Joyce entró presurosa en la habitación, y lo primero que hizo fue accionar el interruptor e inundarla de luz.
– No entiendo cómo puedes estar así, dad. ¡Qué lamparilla más lúgubre!
– ¿Dónde te habías metido? -murmuró Golder-. Hace dos días que no te veo…
– Pues… no sé. Tenía cosas que hacer.
– ¿De dónde vienes?
– De San Sebastián. María Pía daba un gran baile. Mira mi vestido. ¿Te gusta?
Joyce entreabrió su amplio abrigo y se mostró medio desnuda, con un vestido de tul rosa escotado hasta el nacimiento de sus pequeños y delicados pechos, una sarta de perlas alrededor del cuello y el cabello dorado alborotado por el viento. Golder la contempló en silencio.

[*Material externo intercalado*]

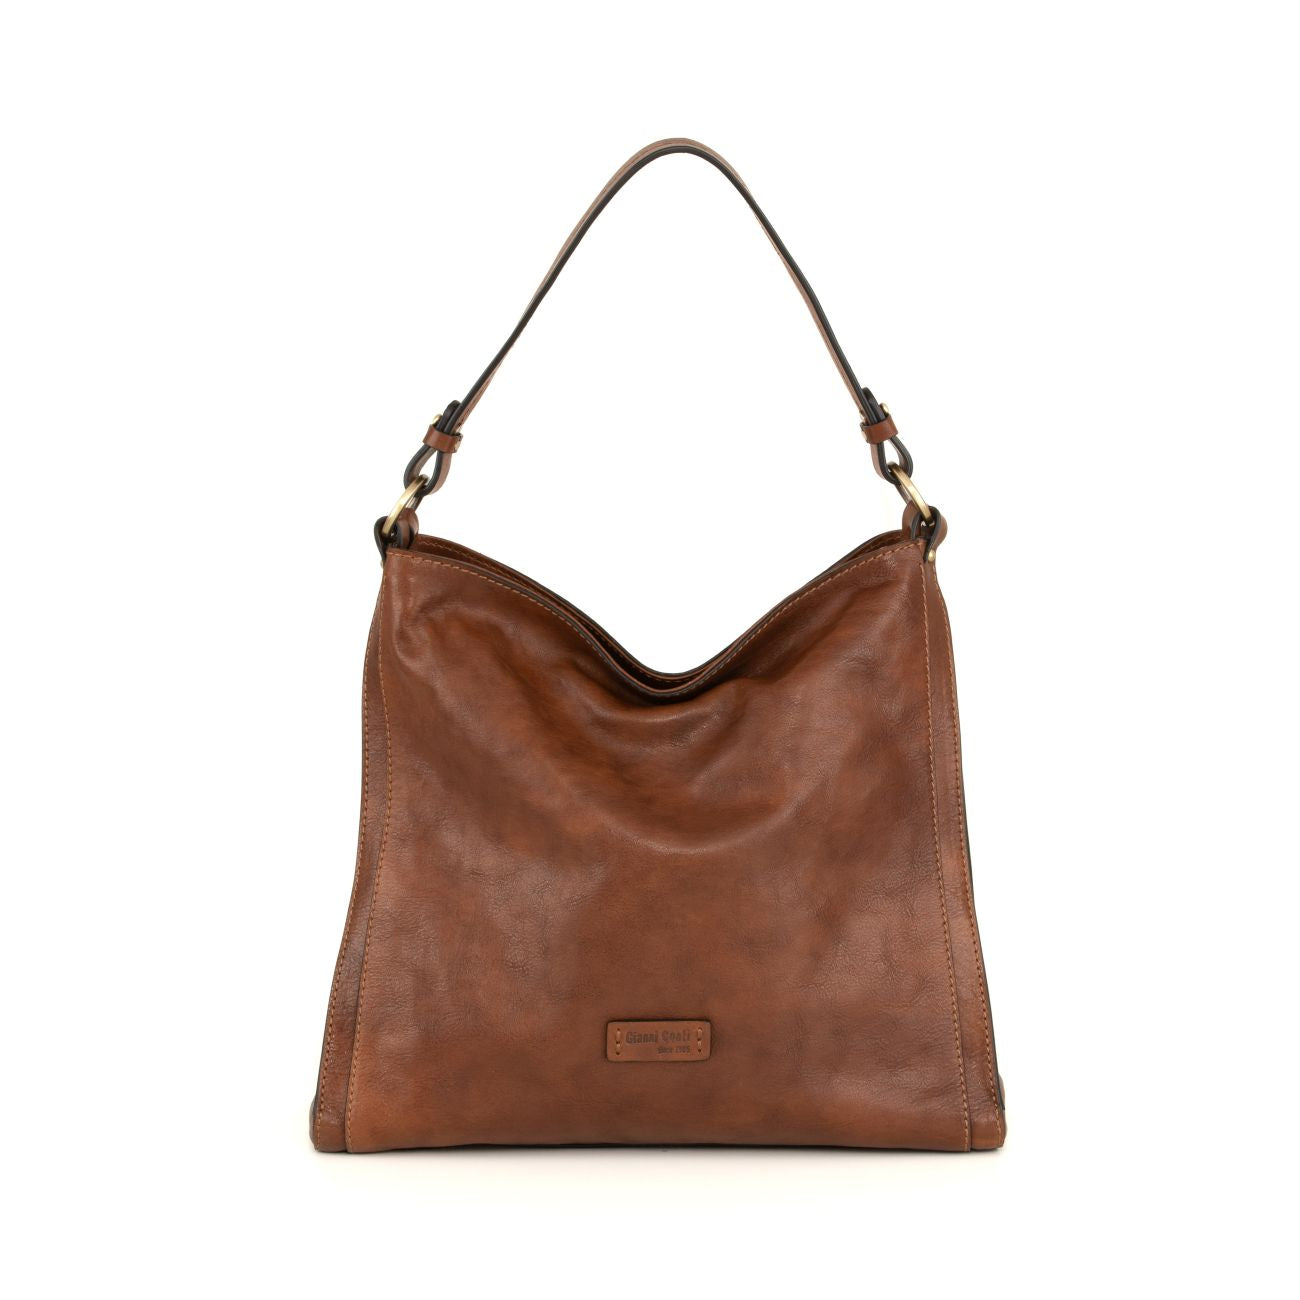 FLAMINIA Vegetable-Tanned Leather Shoulder Bag by Gianni Conti
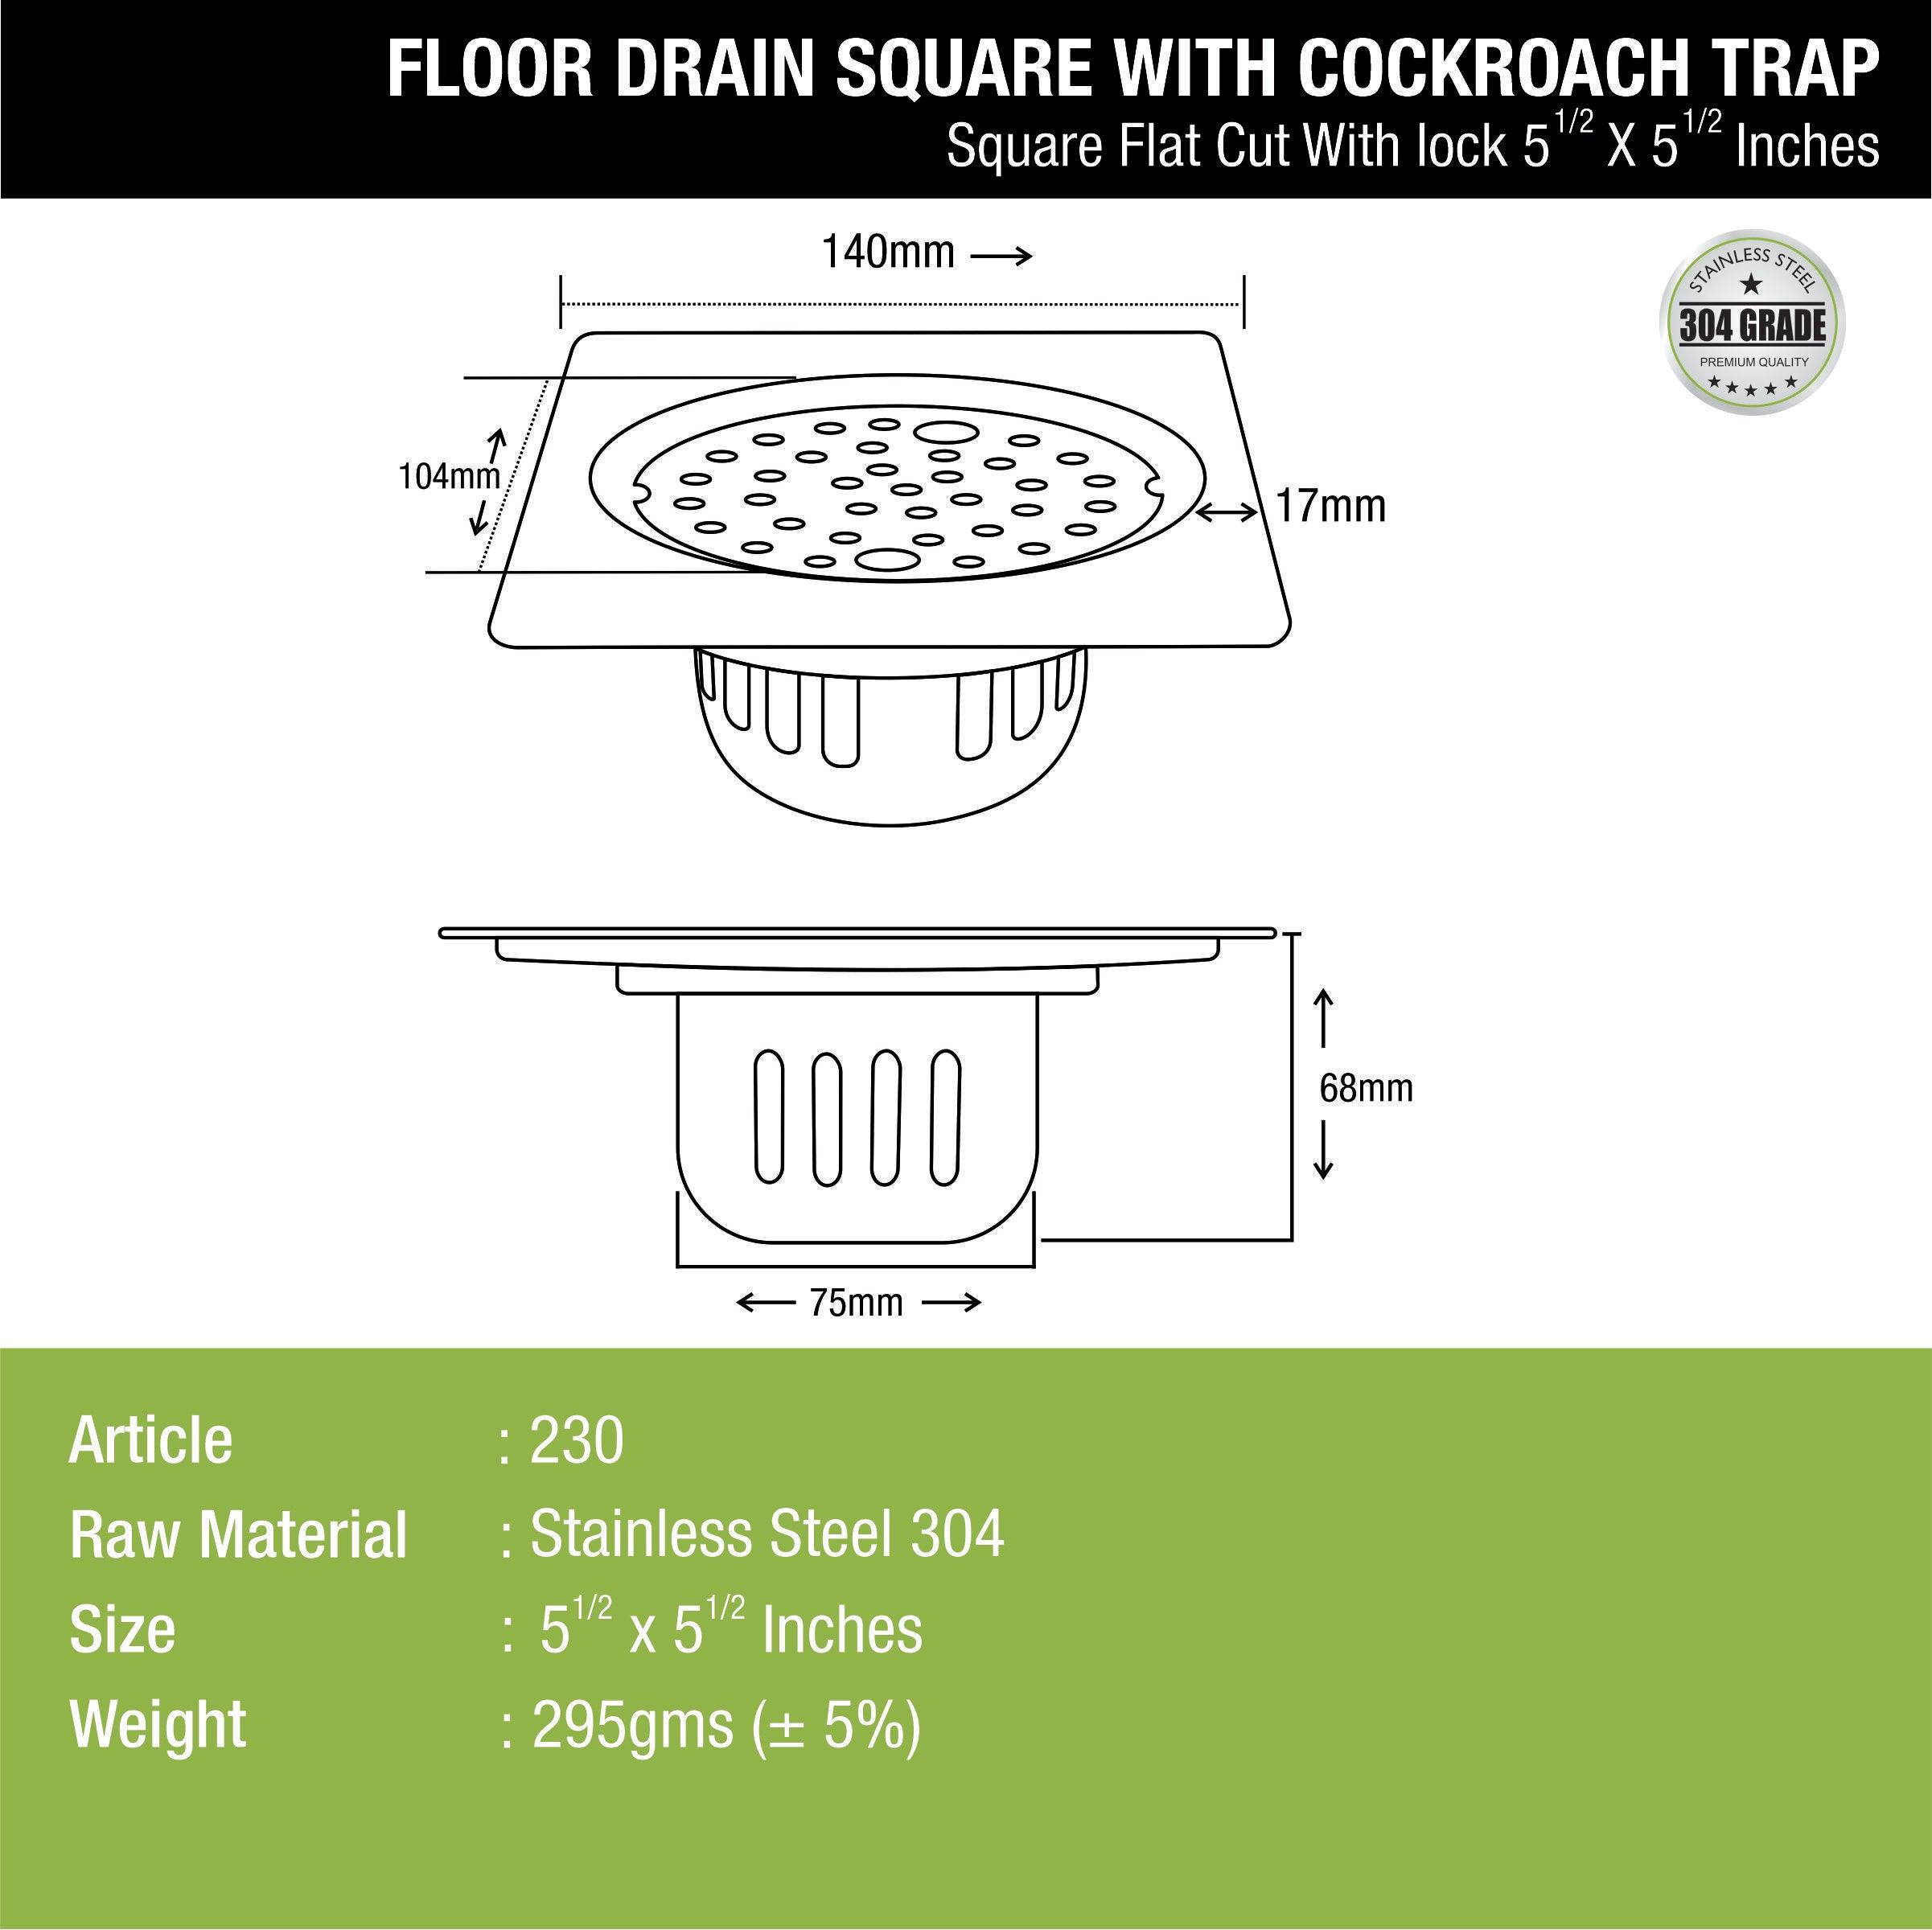 Square Flat Cut Floor Drain (5.5 x 5.5 Inches) with Lock and Cockroach Trap - LIPKA - Lipka Home

– Qué raro estás, dad… ¿Qué te pasa? ¿Por qué no dices nada? ¿Estás enfadado? Joyce se subió ágilmente a la cama y se arrodilló a los pies de su padre-. Escucha, dad… Esta noche he bailado con el príncipe de Gales. Luego, he oído que le decía a María Pía: It's the loveliest girl. I’ve ever seen. Y le ha preguntado mi nombre… ¿No te alegras? -murmuró con una sonrisa feliz que dibujó dos hoyuelos infantiles en sus maquilladas mejillas. Se inclinaba tanto sobre el pecho de su padre que la enfermera, de pie detrás de la cama, le hizo señas de que se apartara. Pero Golder, que apenas podía soportar el peso de la sábana en la zona del corazón sin ahogarse, dejaba que Joyce apoyara en él su cabeza y sus brazos desnudos-. ¡Te alegras, mi viejo dad! Ya lo sabía yo… -exclamó. Una brusca sonrisa, que más parecía una mueca, estiró con doloroso esfuerzo las comisuras de los labios cerrados de Golder-. ¿Ves? Estabas enfadado porque te he dejado para ir a bailar, ¿a que sí? Pero aun así he sido yo la primera que te ha hecho sonreír… Por cierto, dad, ¿lo sabes? Me he comprado el coche. ¡Si supieras qué bonito! ¡Corre como el viento! Eres un cielo, dad… -Se interrumpió, bostezó y alzó los revueltos cabellos estirándolos con las puntas de los dedos-. Voy a acostarme, estoy muerta… Es que ayer ya llegué a las seis. No puedo más, no he parado de bailar… -Entornó los párpados y se puso a canturrear jugando soñadoramente con las pulseras-: «Marquita… Marquita… el deseo… aunque no quieras… brilla en tus ojos… cuando bailas…» Buenas noches, dad. Duerme bien y sueña con los angelitos.
Joyce se inclinó y le rozó la mejilla con los labios.
– Sí -murmuró Golder-. Ve, ve a dormir, Joy…
La chica desapareció, y Golder se quedó escuchando sus pasos con una expresión distinta, suavizada, dulcificada… Aquella criatura con su vestido rosa… Allí donde iba, llevaba la alegría, la vida… Ahora se sentía más tranquilo, más fuerte. «La muerte… -se dijo-. Me he dejado llevar por el pánico, nada más. Todo eso son tonterías… Hay que trabajar y seguir trabajando… Tübingen tiene setenta y seis años. A los hombres como nosotros, lo único que nos mantiene vivos es el trabajo.»
La enfermera había apagado la luz y preparado una tisana en el infiernillo de alcohol. Golder se volvió hacia ella:
– El telegrama ya no es necesario… Rómpalo -murmuró.
– Muy bien, señor.
En cuanto se quedó solo, se durmió como un bendito.
Cuando Golder se repuso, septiembre tocaba a su fin, pero la temperatura era más agradable que en pleno verano, y no soplaba ni pizca de viento; una luz dorada como la miel resplandecía en el aire.